- "Famous" cover

Song by Tinchy Stryder

from the album Third Strike
- Released: 8 November 2010
- Recorded: 2009–2010
- Genre: Rap rock
- Length: 4:01
- Label: Takeover Entertainment Limited
- Composer(s): Kwasi Danquah III
- Lyricist(s): Israel Cruz
- Producer(s): Israel Cruz

Tinchy Stryder singles chronology
| "Game Over" (2010) | "Let It Rain" (2011) | "Spaceship" (2011) |

Music video
- "Famous" on YouTube

= Famous (Tinchy Stryder song) =

"Famous" is a song by Tinchy Stryder, released as a promotional single from his third solo studio album, Third Strike. The song was also included on Stryder's fourth extended play, III EP. The song was written and produced by Australian producer Israel Cruz.

==Music video==
A music video was made for the song, and directed by Tinchy Stryder and music video director Luke Monaghan, who also was one of the three directors of the video for Stryder's 2011 hit single Spaceship, and was uploaded to Tinchy Stryder's official YouTube channel on Thursday, 11 November 2010, at a total length of four minutes and eight seconds.

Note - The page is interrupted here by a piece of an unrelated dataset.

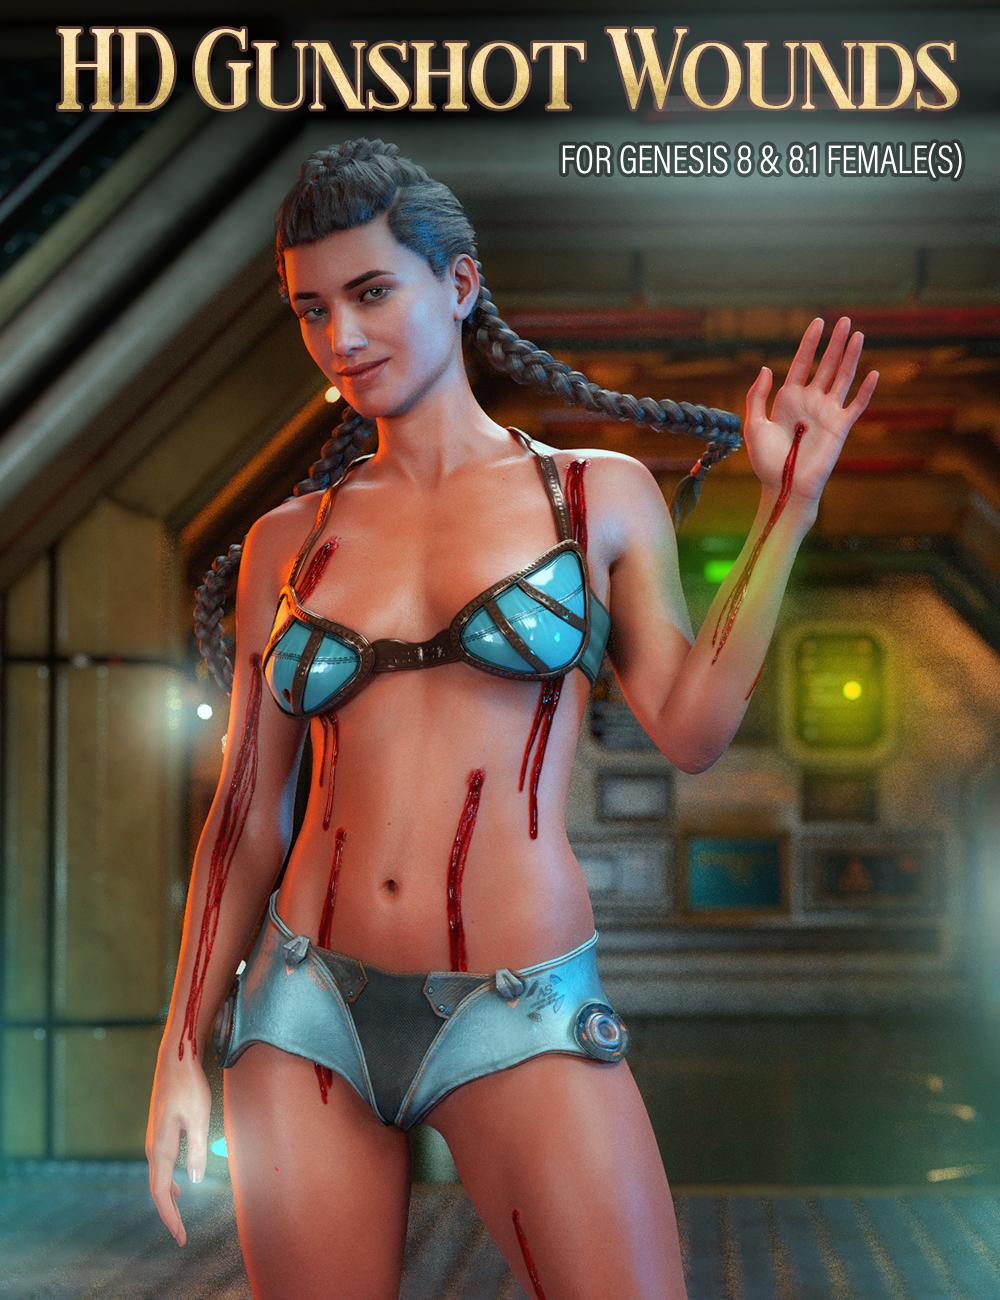 HD Gunshot Wounds for Genesis 8 and 8.1 Females by: FenixPhoenixEsid, 3D Models by Daz 3D

The video was filmed in a Jet Center, and finds Stryder chopping out his rhymes and boasting, over "harsh lurching beats and heavy riffs, about "how people are jealous of him because he's famous", a line which he bellows at every opportunity, whilst the film camera is closely fixed on his every movement throughout the length of the video.